TASK ITEM
Repeat verbatim what the listing holds, but not its pictures.

EXERCISE DATA
══════
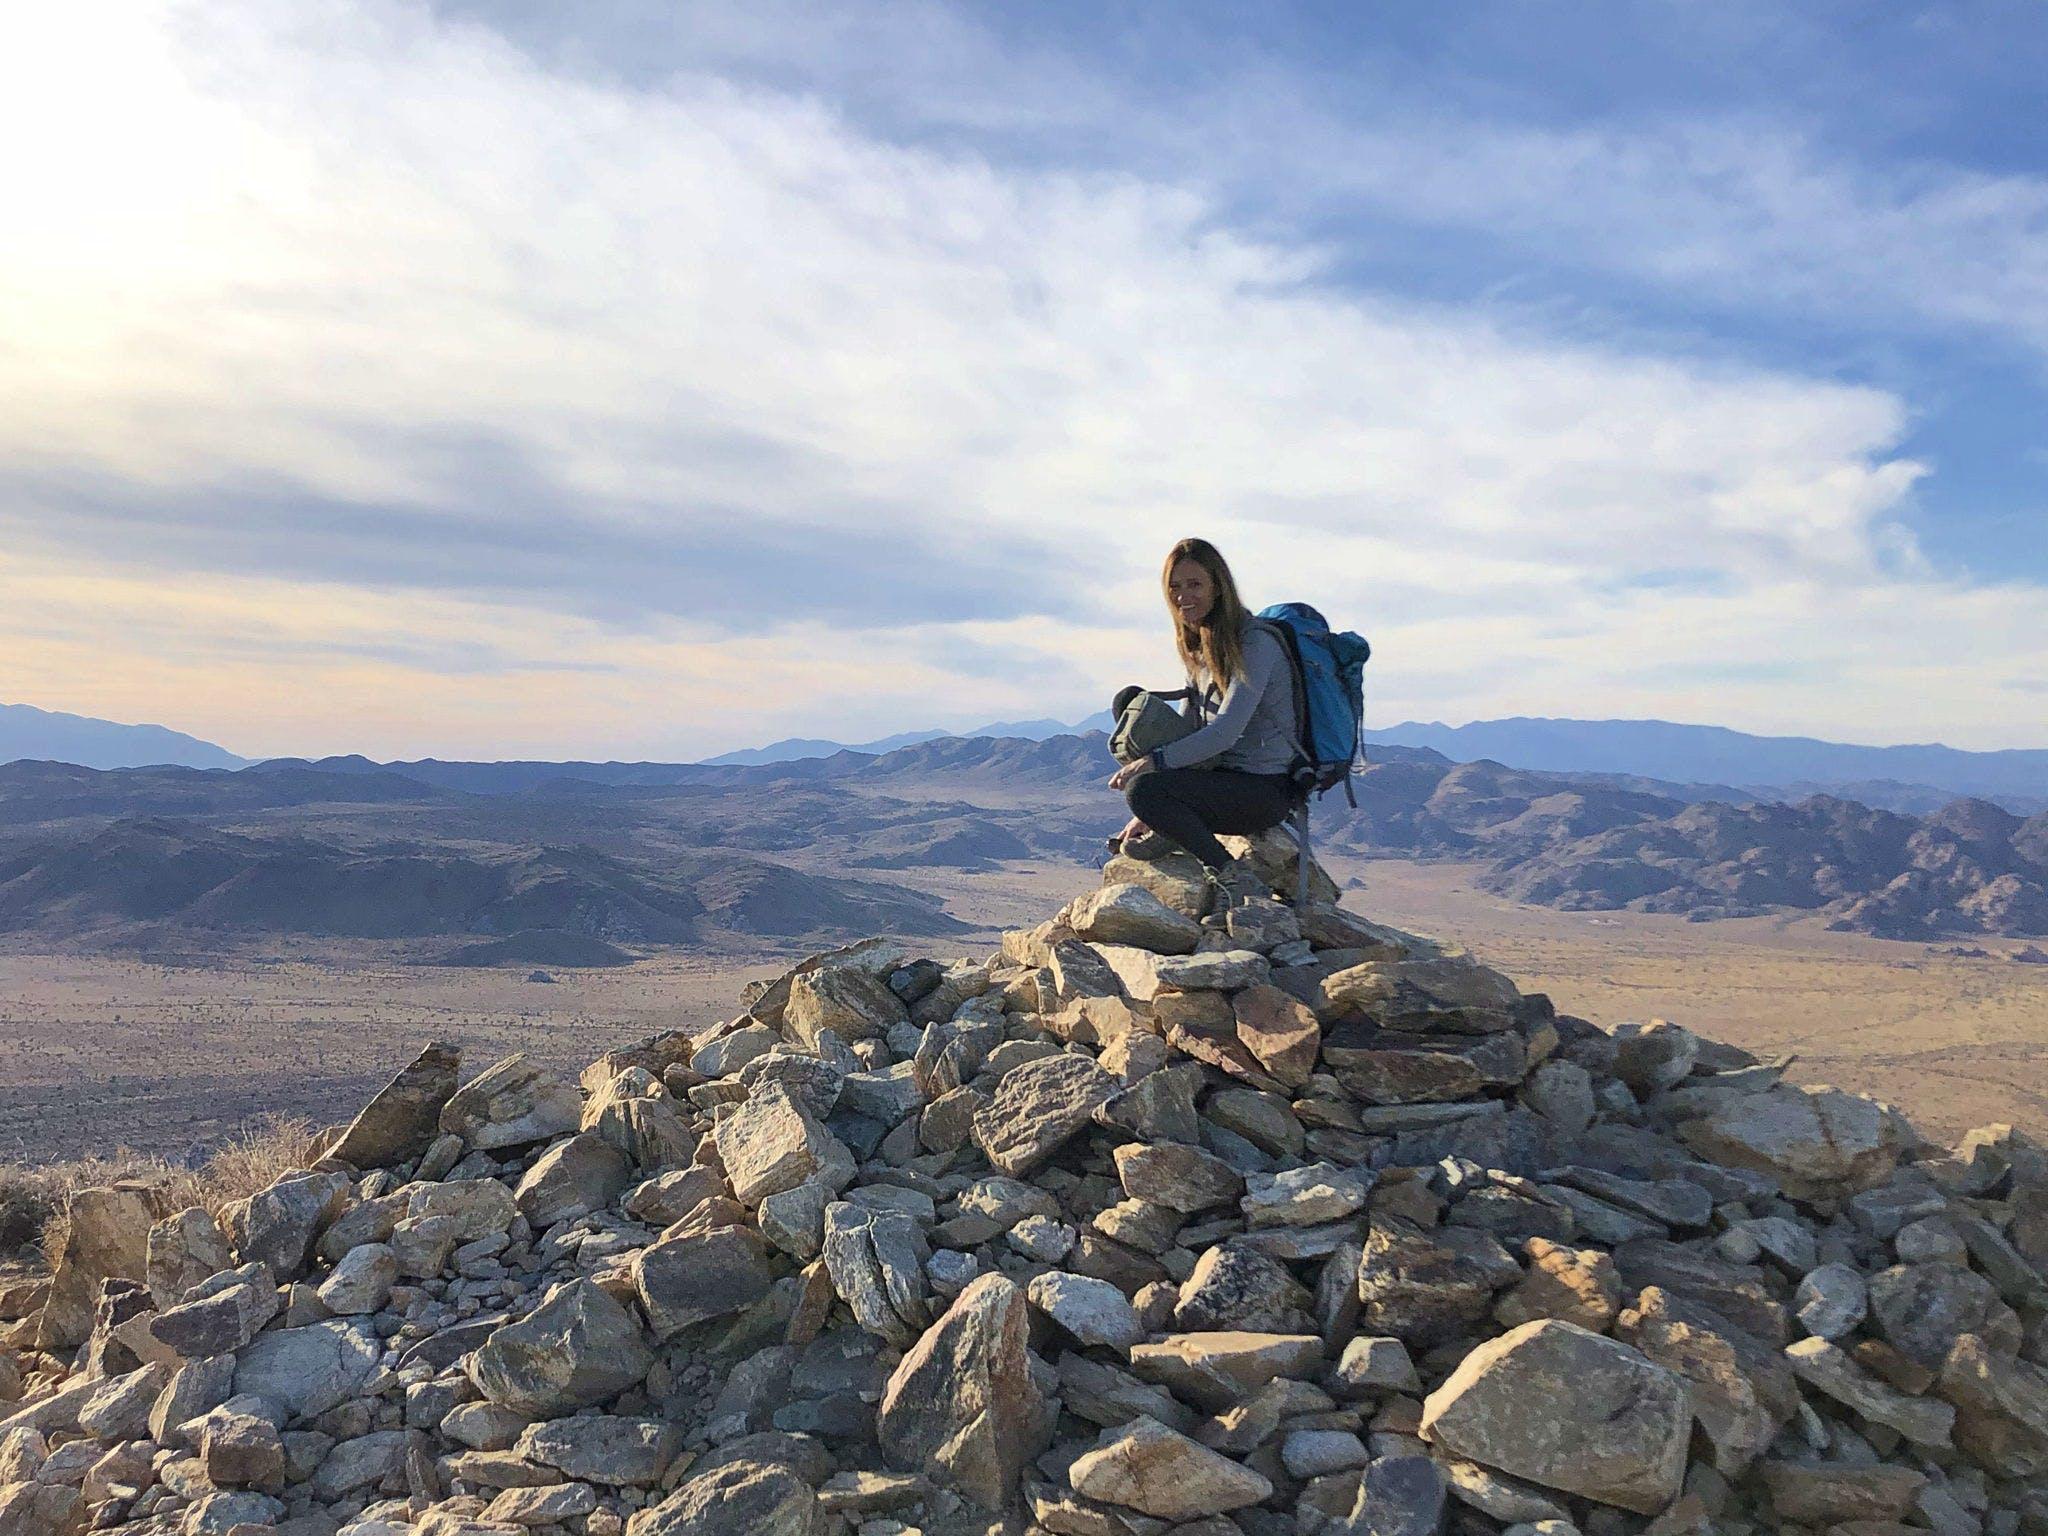 Woman sitting on rock pile at Ryan Peak in Joshua Tree National Park
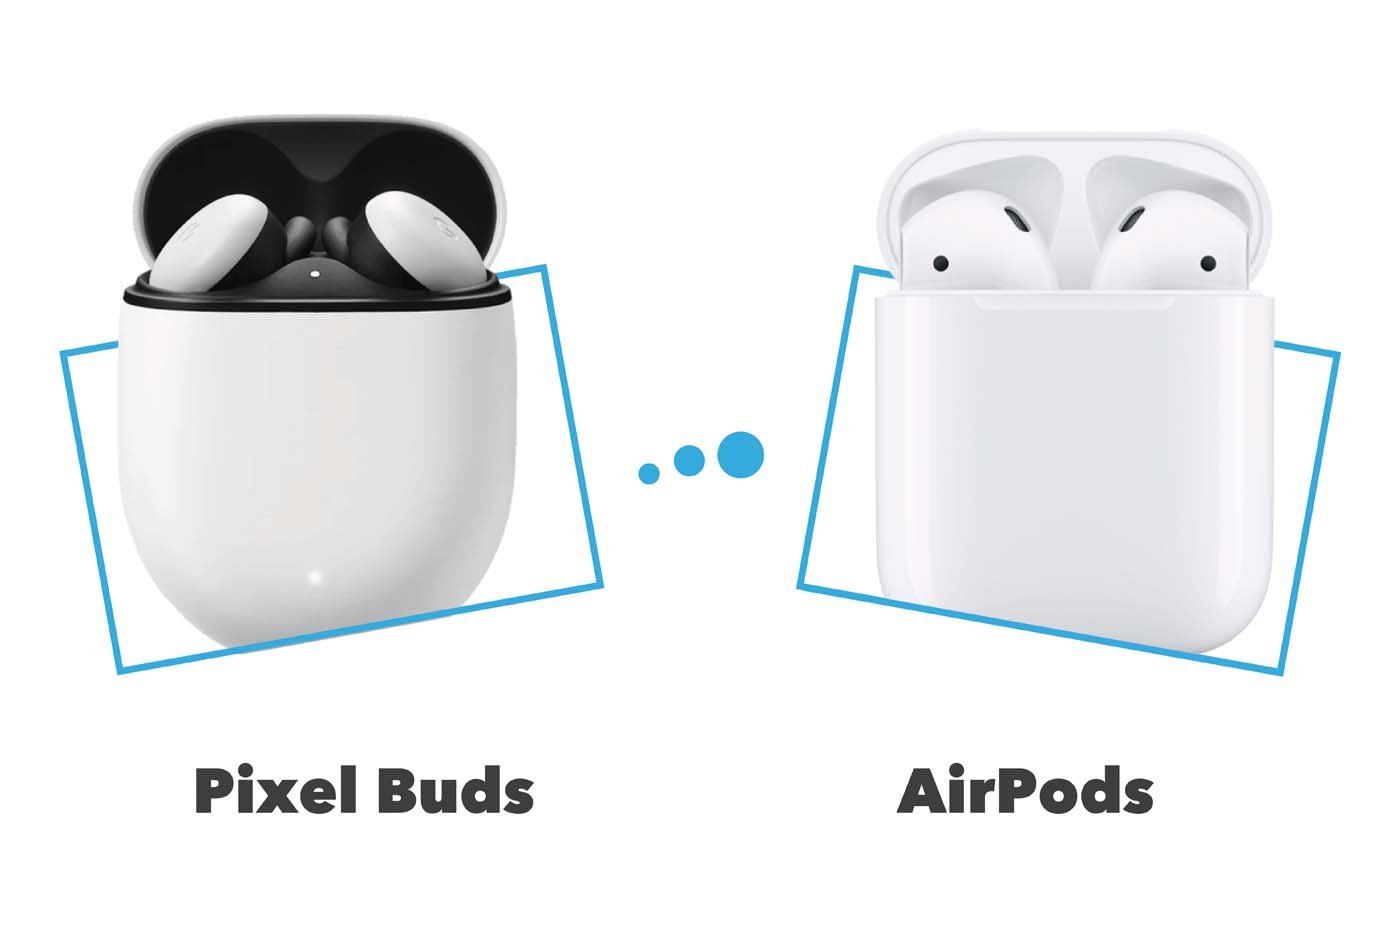 Comparatif Google Pixel Buds vs AirPods 2
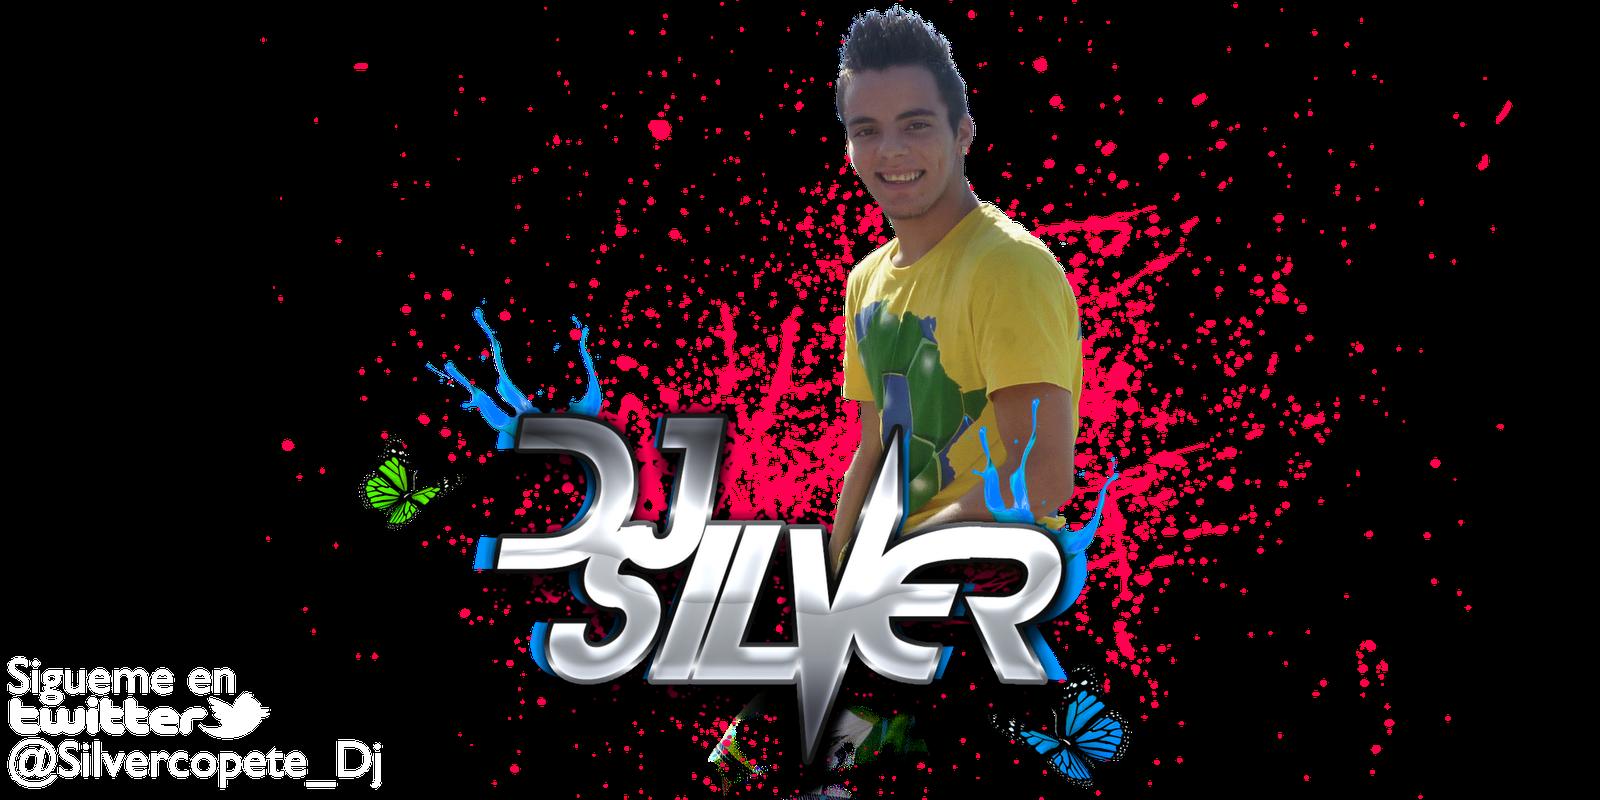 .: Dj Silver :.
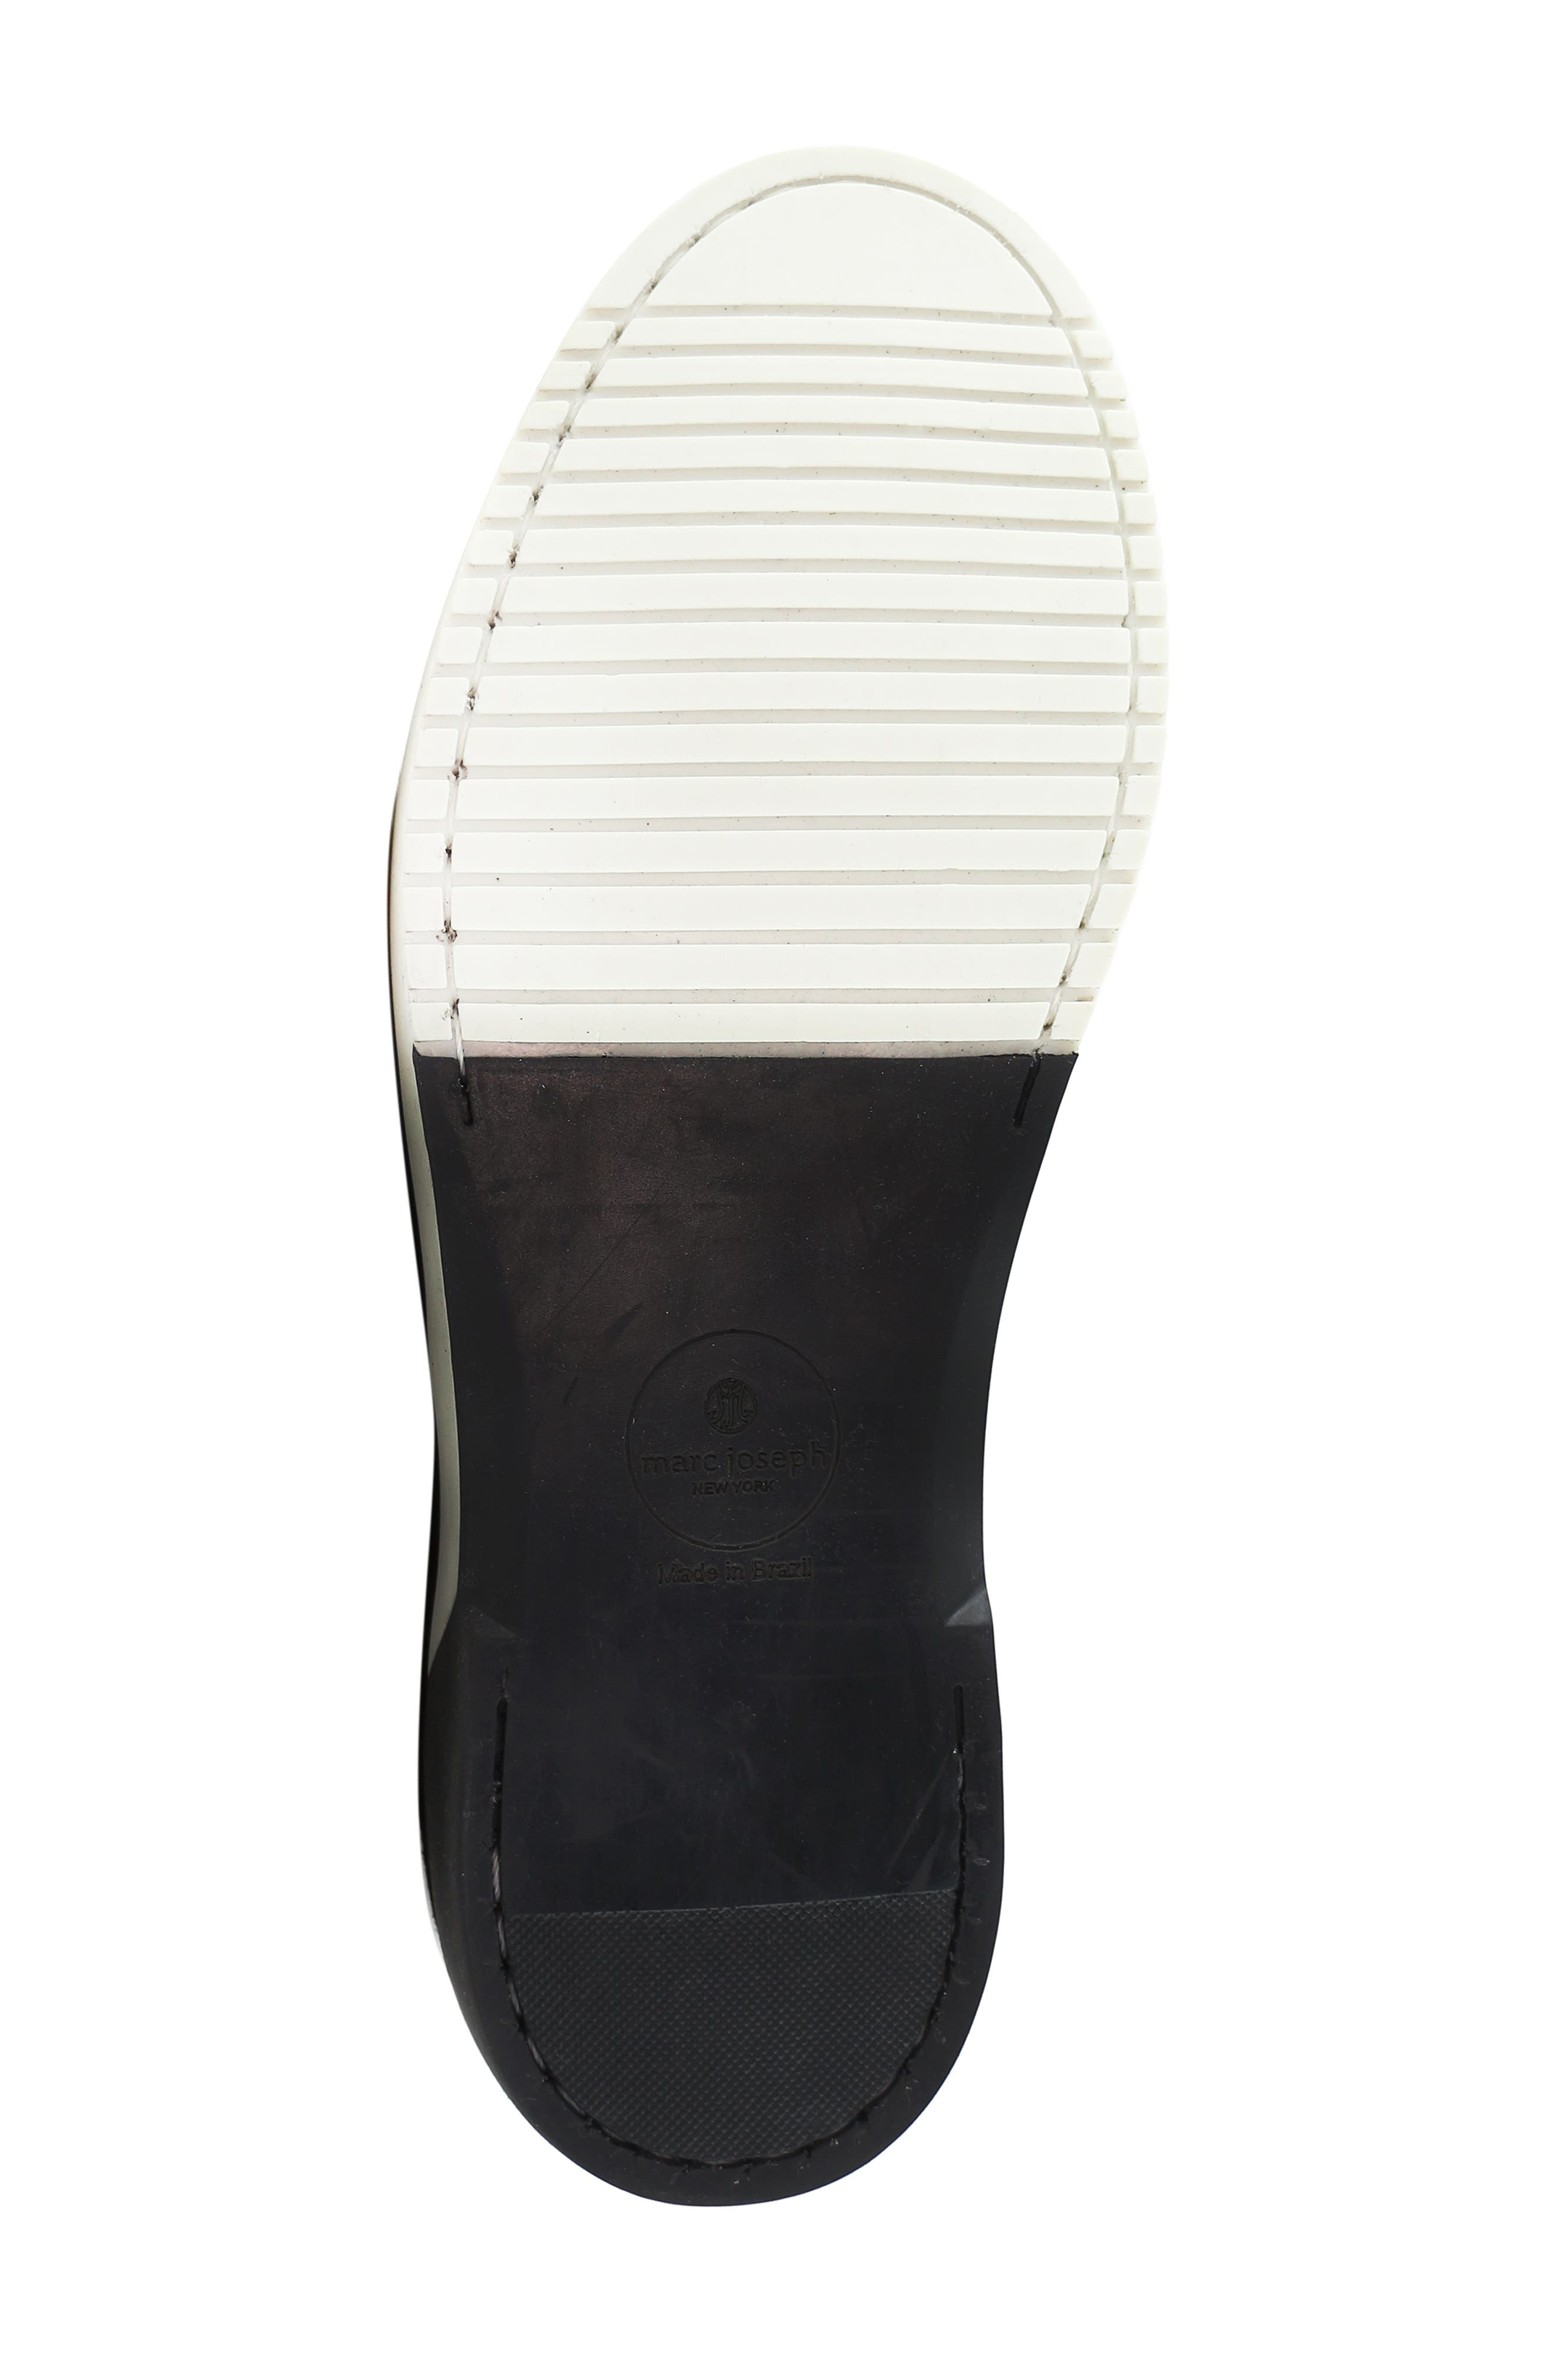 5th Ave Wingtip Sneaker,                             Alternate thumbnail 22, color,
══════
SOLUTION
 Woman sitting on rock pile at Ryan Peak in Joshua Tree National Park
 Comparatif Google Pixel Buds vs AirPods 2
 .: Dj Silver :.
 5th Ave Wingtip Sneaker,                             Alternate thumbnail 22, color,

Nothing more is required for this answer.